* _Work required_
Word for word, the listing below should be printed again.

----

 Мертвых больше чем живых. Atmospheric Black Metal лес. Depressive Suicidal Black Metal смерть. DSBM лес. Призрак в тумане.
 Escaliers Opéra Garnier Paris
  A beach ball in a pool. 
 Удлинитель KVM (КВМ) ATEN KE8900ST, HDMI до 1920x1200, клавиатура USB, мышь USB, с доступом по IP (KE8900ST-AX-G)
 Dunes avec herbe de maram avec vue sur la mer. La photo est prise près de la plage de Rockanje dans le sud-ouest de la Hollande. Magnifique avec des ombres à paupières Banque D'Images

----

* _Answer area_
 Мертвых больше чем живых. Atmospheric Black Metal лес. Depressive Suicidal Black Metal смерть. DSBM лес. Призрак в тумане.
 Escaliers Opéra Garnier Paris
  A beach ball in a pool. 
 Удлинитель KVM (КВМ) ATEN KE8900ST, HDMI до 1920x1200, клавиатура USB, мышь USB, с доступом по IP (KE8900ST-AX-G)
 Dunes avec herbe de maram avec vue sur la mer. La photo est prise près de la plage de Rockanje dans le sud-ouest de la Hollande. Magnifique avec des ombres à paupières Banque D'Images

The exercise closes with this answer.